Hi. I've been experimenting with MrOtherGuy's vertical tabs script. I found that the tab bar could be moved to the right side of the window with just two simple changes:
change line 19 from: margin-left: var(--uc-vertical-tabs-width); to margin-right: var(--uc-vertical-tabs-width);
and
change line 31 from: left: 0; to right: 0;
Works for me.
Well, boolean cannot have any other values except for true and false - it wouldn't be a boolean if it did.
Although there's sort of a third option as "pref doesn't exist" but the false category includes that.
So, a @supports can query whether a preference is true. Can it also query whether a preference is false (or doesn't exist)? So, could we have a block that executes only when a preference is false (or doesn't exist)?
Yes, simply using not operator with the condition:
@supports not -moz-bool-pref("userchrome.my-pref.enabled"){
#nav-bar{ background: #f00 !important; }
}
Small caveat though, since @supports tests whether the condition is supported, it also resolves to false if the browser doesn't support the condition type. So if -moz-bool-pref() function is not supported (as is with Firefox 120 and above) then the condition is false. And thus, if you use negation then whole expression resolves to true.

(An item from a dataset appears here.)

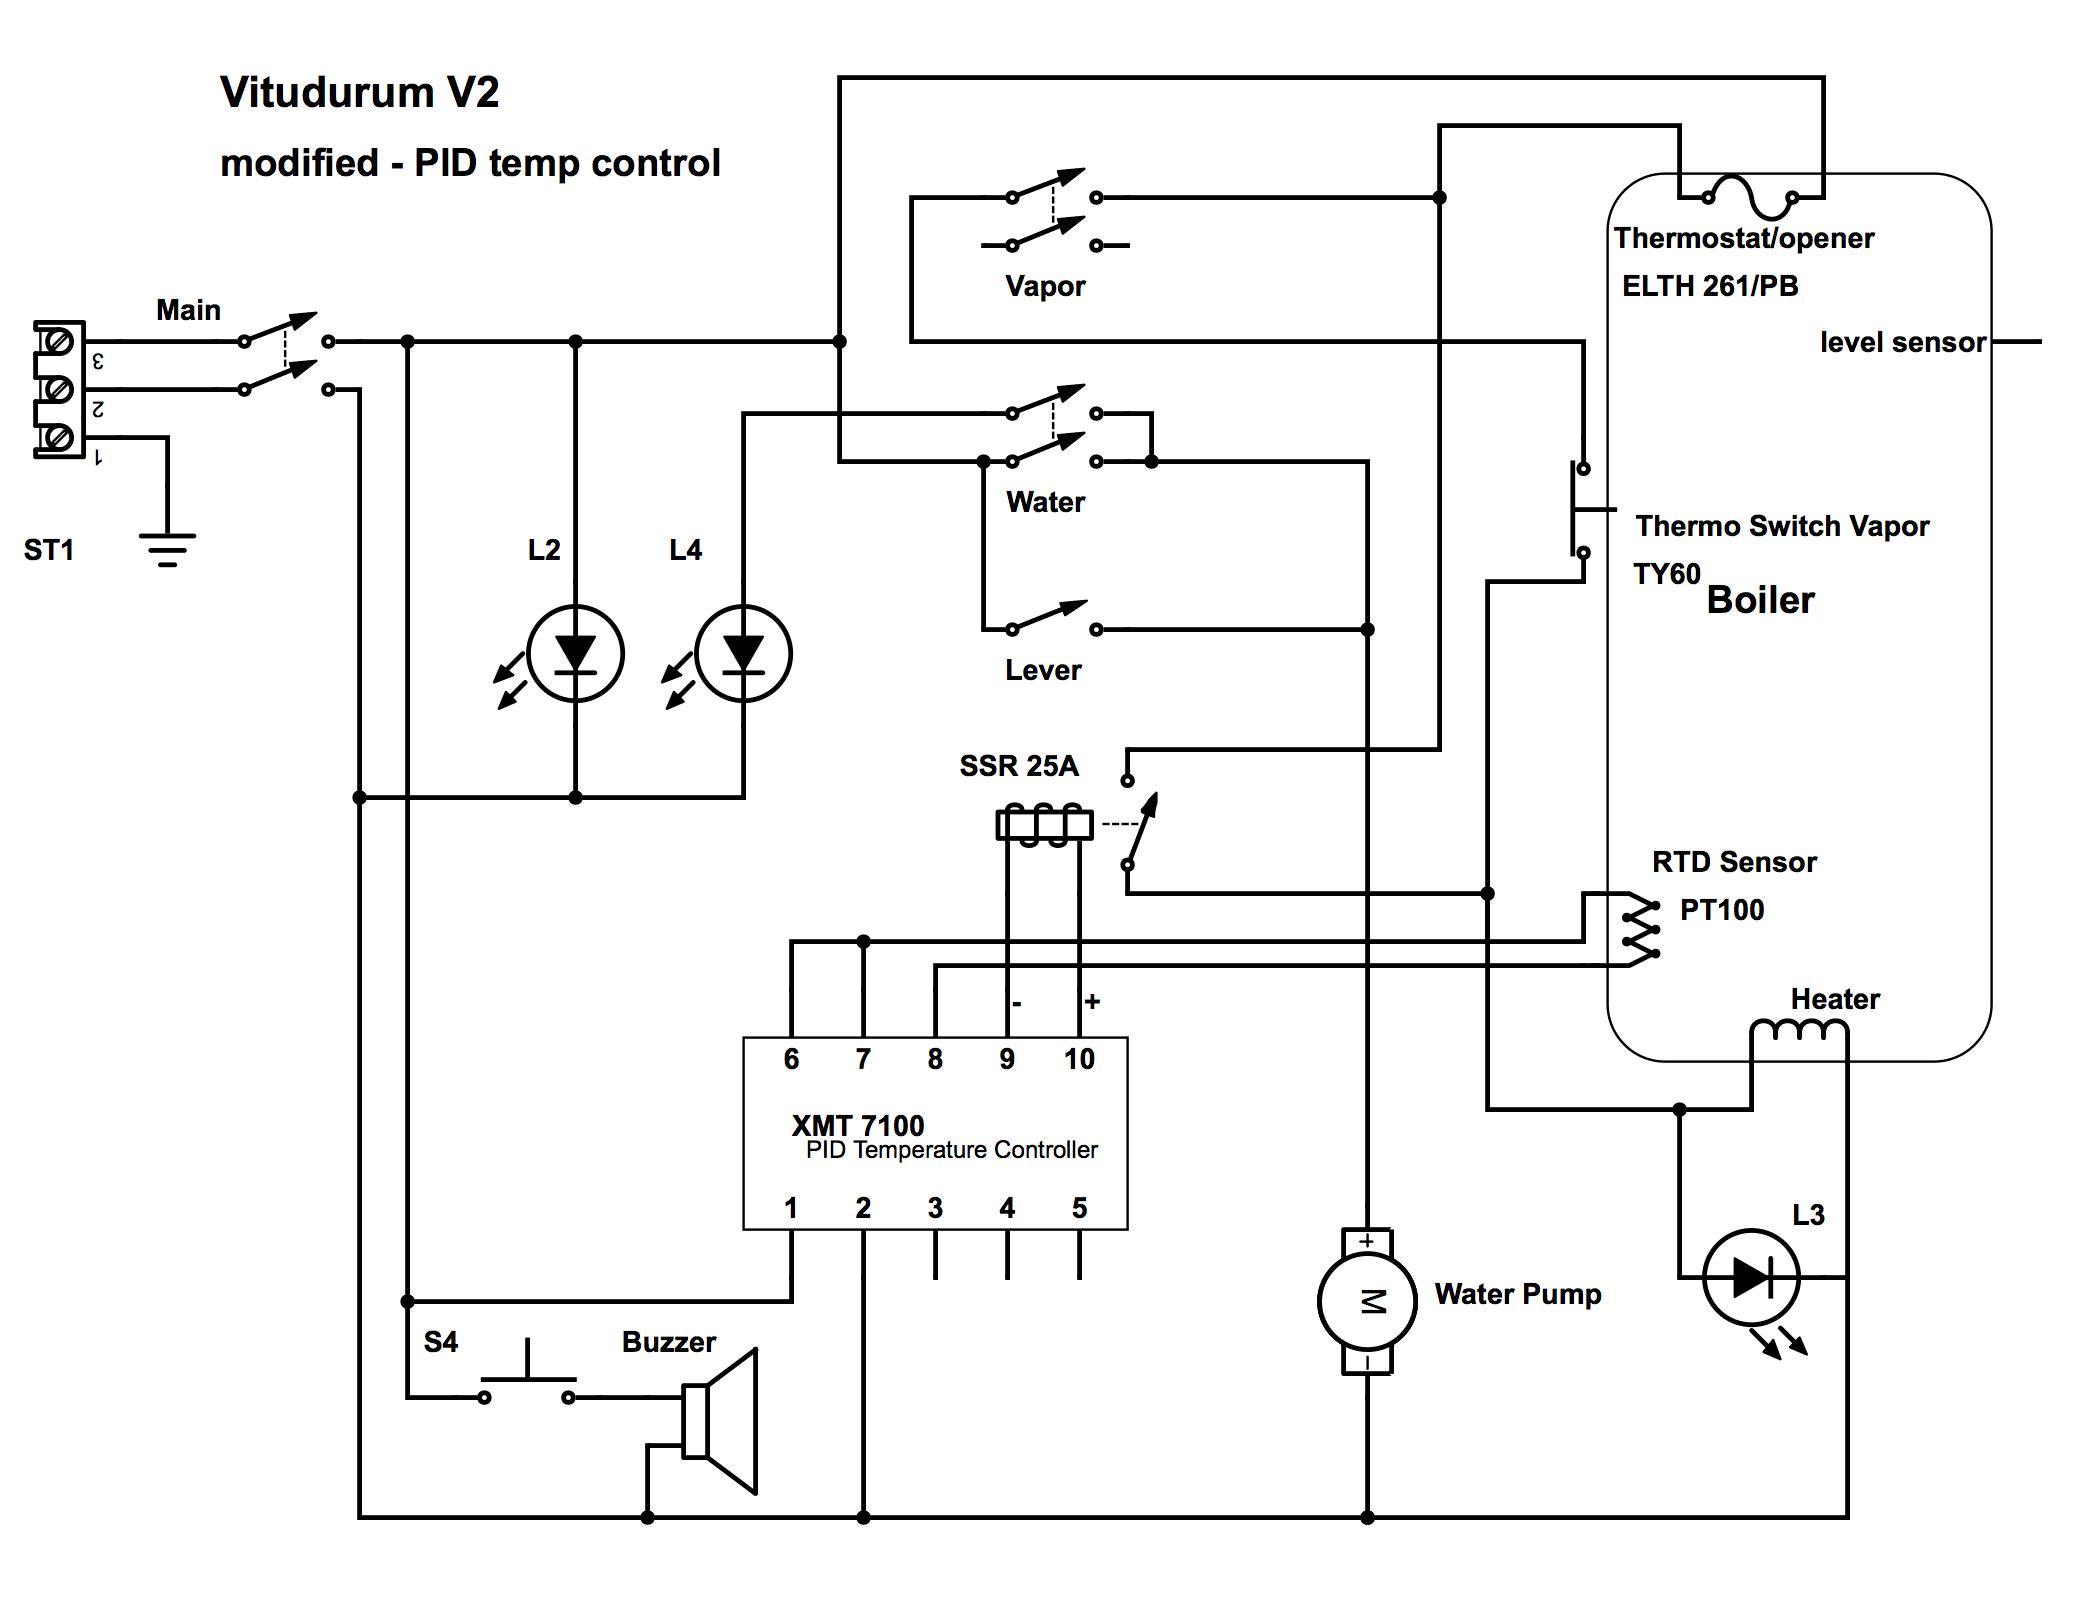 Rolfb Passionsfrchte Auber Pid Wiring Diagram Vitudurum Schematic

That means that the above expression will always apply red background to nav-bar in Firefox 120 but in older Firefox version only apply it if that pref doesn't exist or exists but is set to false
You can read all about @supportsat MDN although it doesn't list the Firefox internal-only -moz-bool-pref condition.
Yikes! So -moz-bool-pref() has been removed in FF 120? Why would they do that? Is there are replacement?
So in FF < 120, one could effectively create an IF-THEN-ELSE with @supports -moz-bool-pref(test_condition) and @supports not -moz-bool-pref(test_condition)?
@supports based -moz-pref is indeed removed. But it is replaced with a media query based method, which is much nicer since it can then among other things respond to pref changes without having to restart Firefox.